The National Mediation Board (NMB) is proposing to change representation election rules in both the railroad and airline industry. The proposed changes will allow workers to vote for union representation with a “yes” or “no” and determine the election by majority vote. This will remove the rule that votes not cast would be counted as “no”.
In a statement from the NMB, “Few if any democratic elections are conducted in this manner, in our society, free choice is expresses on the basis of a majority of valid votes cast in an election.” The statement went on to say, “The proposed change, if adopted, should bring the board’s election process in line with industry developments and discourage employee non-participation by giving every employee a chance to express their preference for or against representation.”
Edward Wytkind, President of the AFL-CIO Transportation Trades Department said in an article published in the Huffington Post, “The deck is stacked against airline and railroad workers when it comes to union elections. That’s why airline CEO’s are working so hard to defend current election procedures that count all workers who sit out elections as “no” votes.

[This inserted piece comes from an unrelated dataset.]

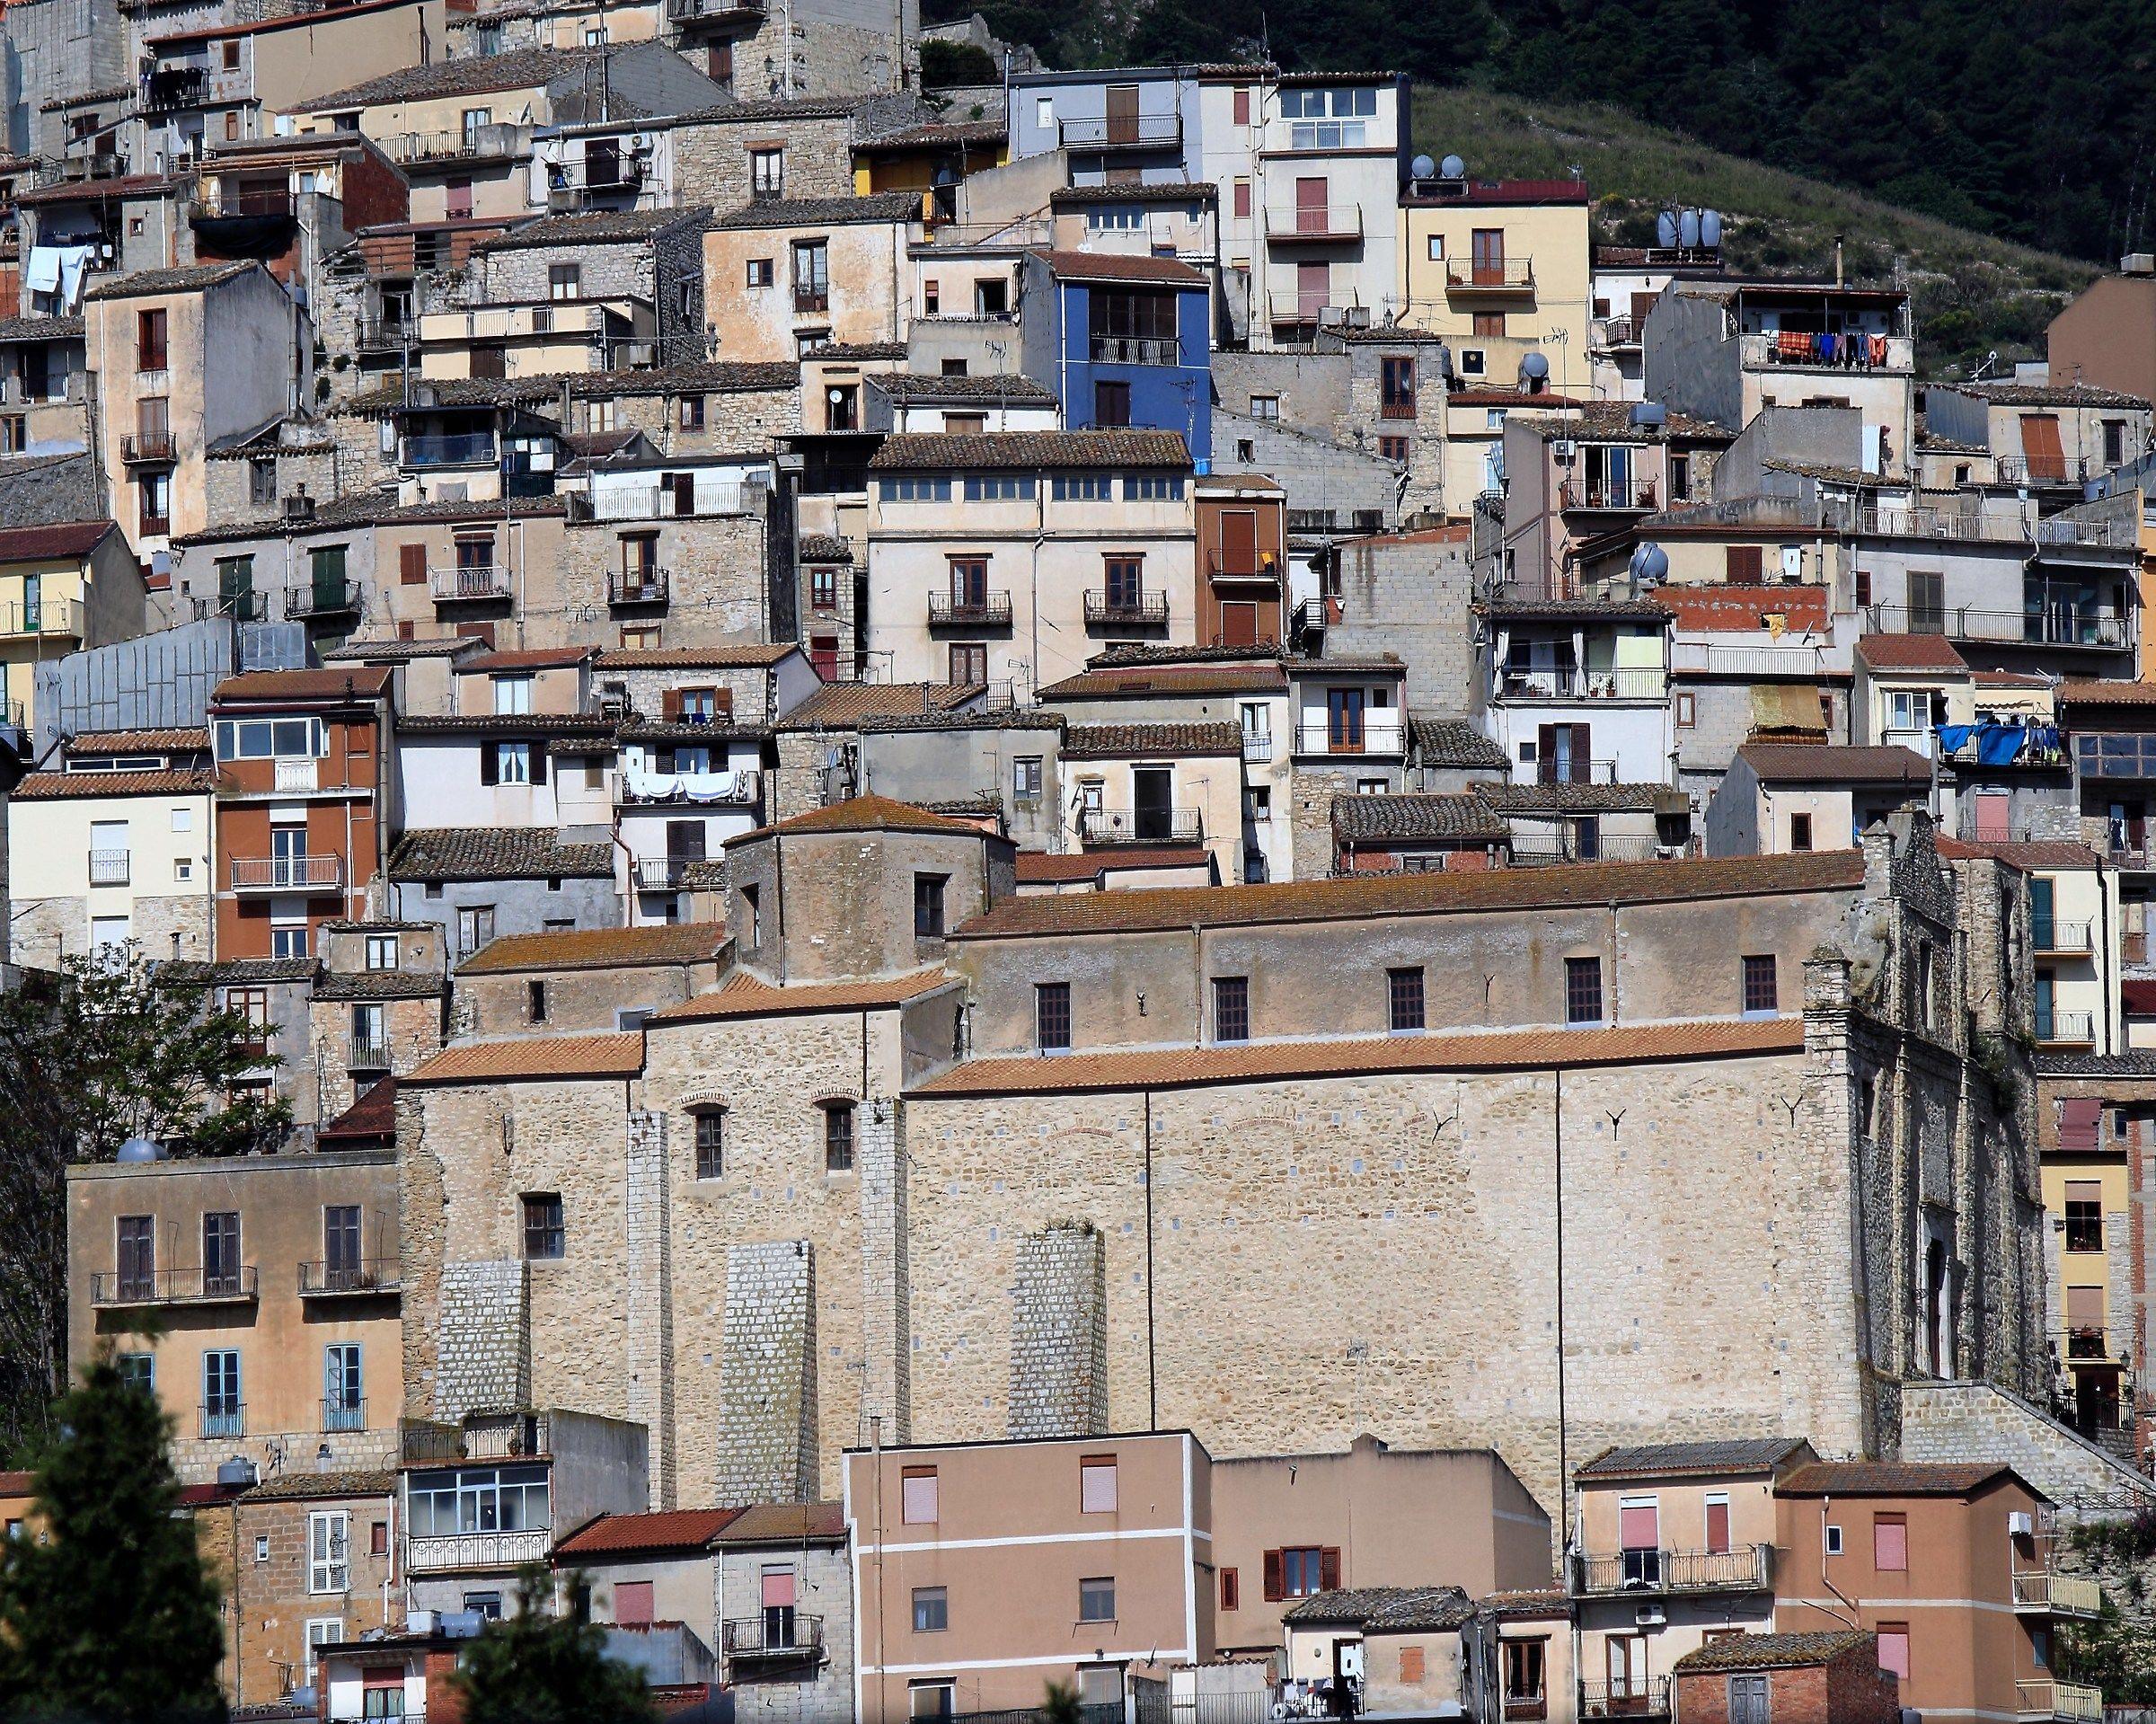 Church St. Vito Cammarata...

Americans are accustomed to elections where a simple majority of those voting decides the outcome—whether they’re voting for PTA president or U.S. senator. Not so for airline and railroad workers—who must first ensure that turnout exceeds 50 percent. How can we justify imposing higher turnout standards on airline and railroad union elections than we do in elections for the highest office of our land?
It’s time to let those who actually come out and vote decide the outcome of union elections in the airline and railroad industries. The airlines are essentially arguing against a voting system that has been the law of the land for more than 200 years in American democracy.”
Click here for the press release from the TTD.
Click here to read the IAM view of this issue.
Click here to read the Huffington Post article.
Click here to read the AFL-CIO blog on this topic.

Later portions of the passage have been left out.